_Try it_
Please write out the listing exactly, leaving each picture out.

_Available data_
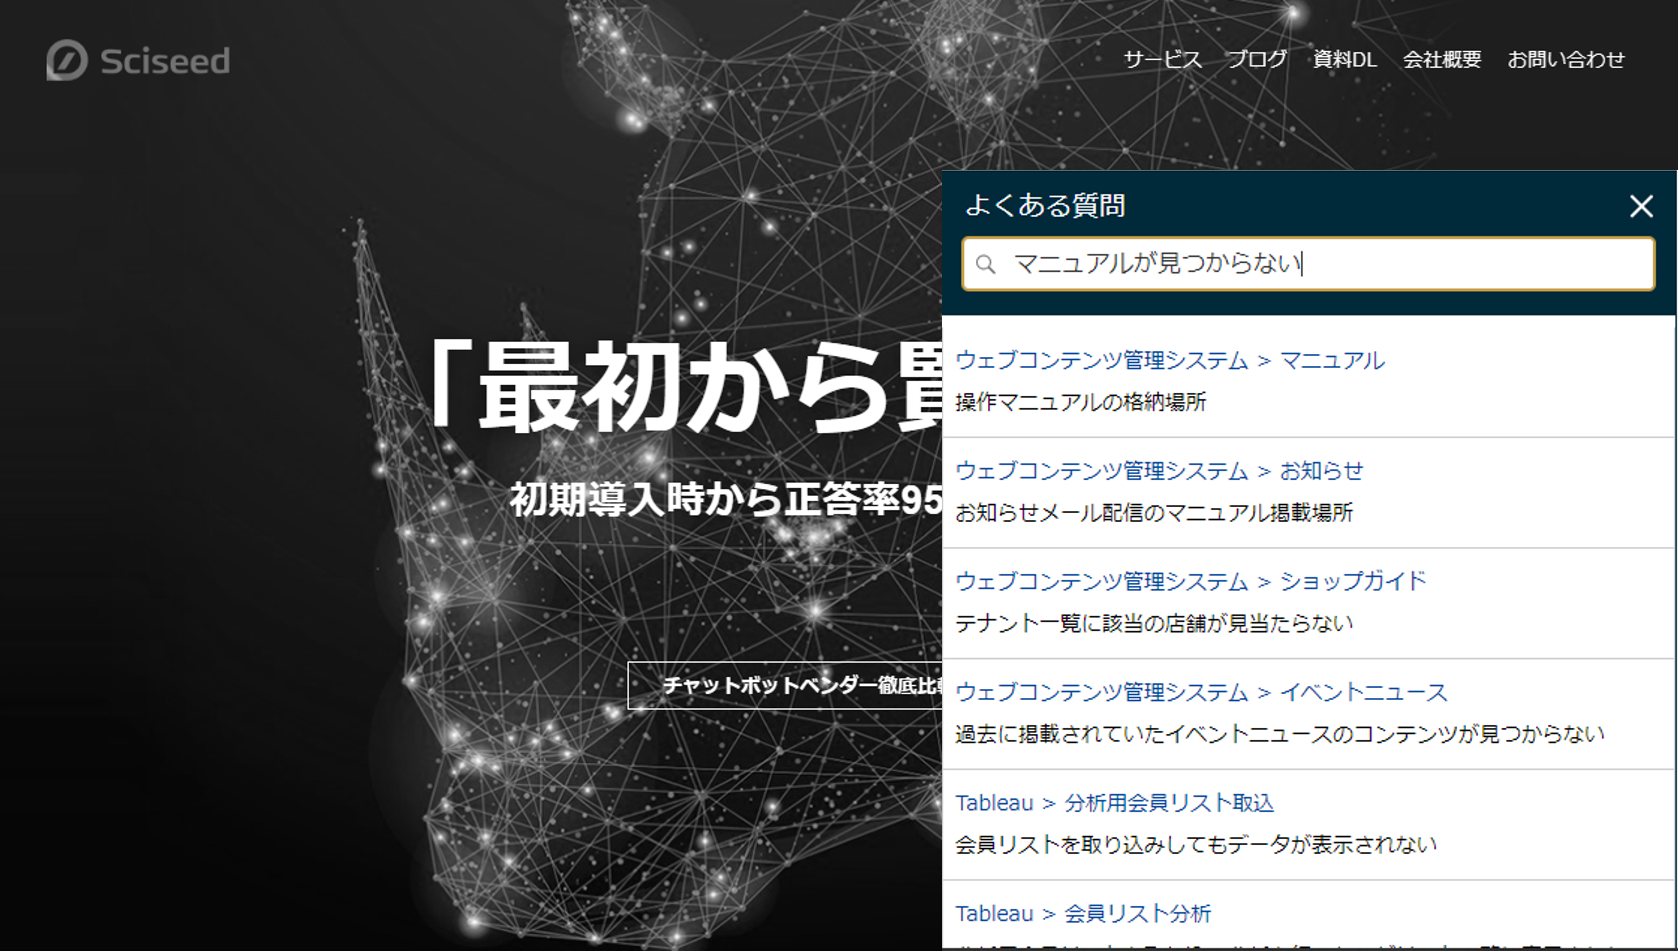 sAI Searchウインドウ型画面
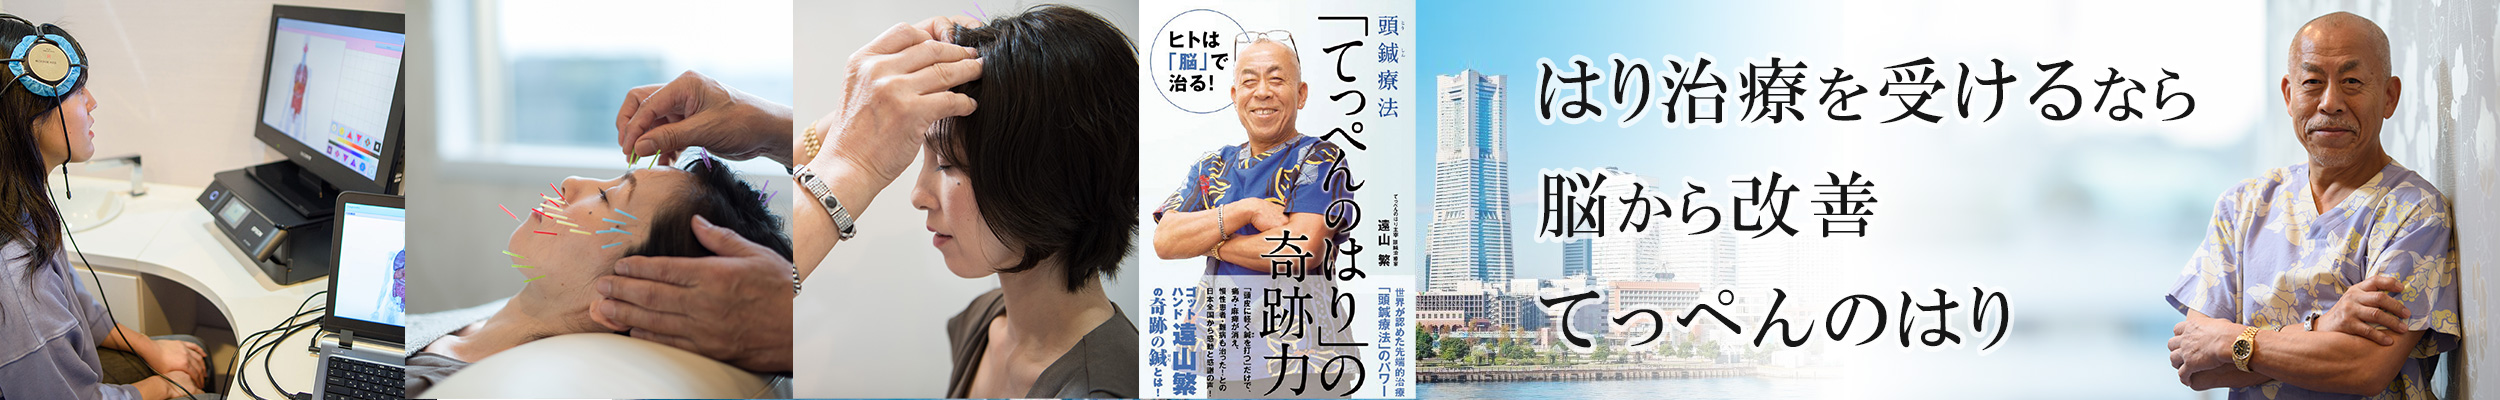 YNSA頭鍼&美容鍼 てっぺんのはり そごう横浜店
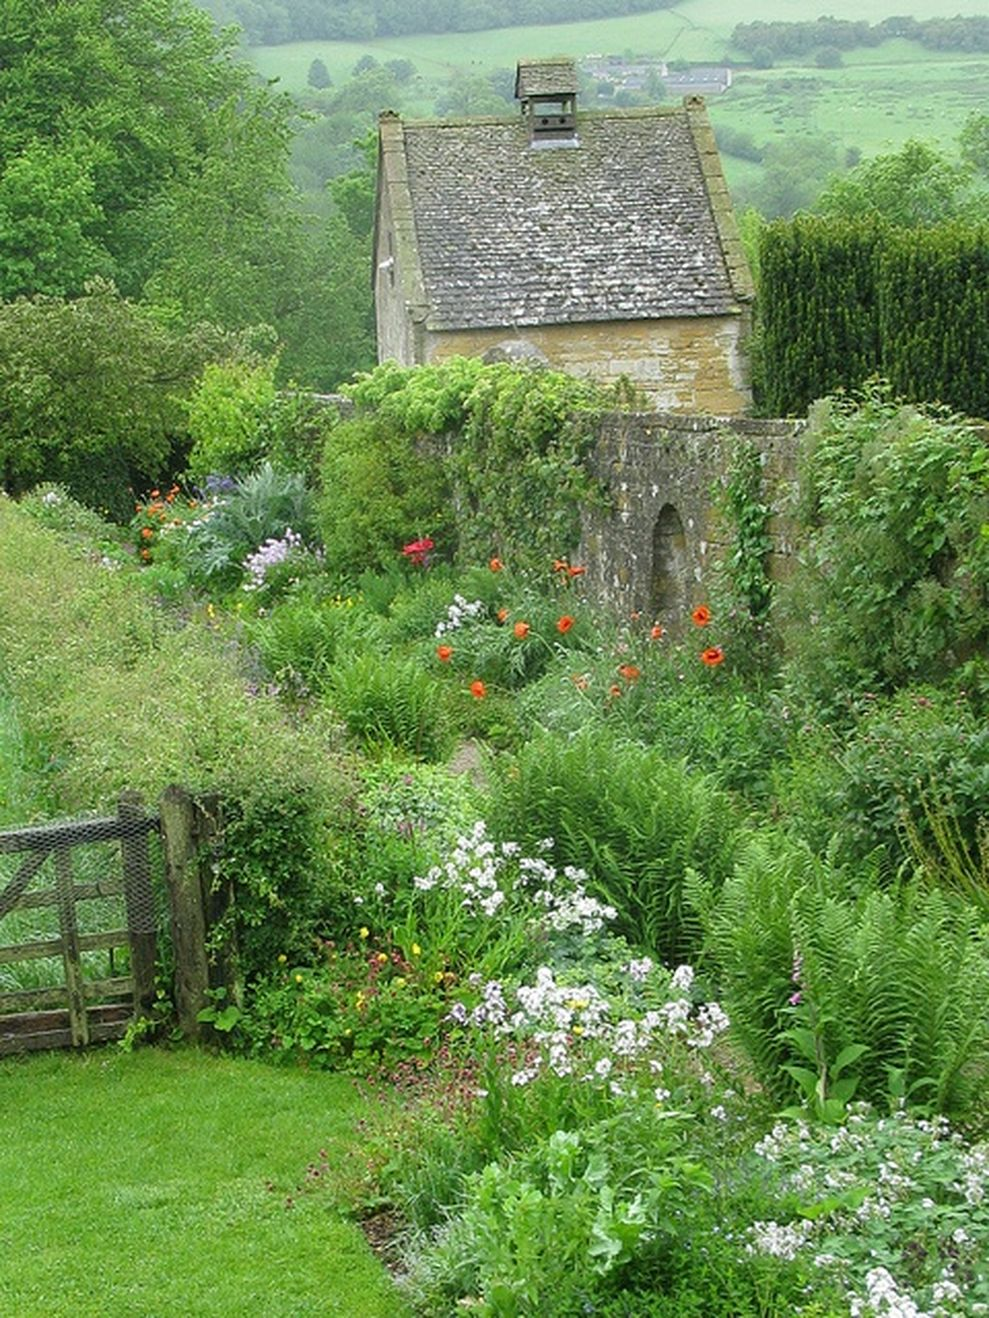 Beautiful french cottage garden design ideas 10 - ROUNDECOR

_Exercise output_
 sAI Searchウインドウ型画面
 YNSA頭鍼&美容鍼 てっぺんのはり そごう横浜店
 Beautiful french cottage garden design ideas 10 - ROUNDECOR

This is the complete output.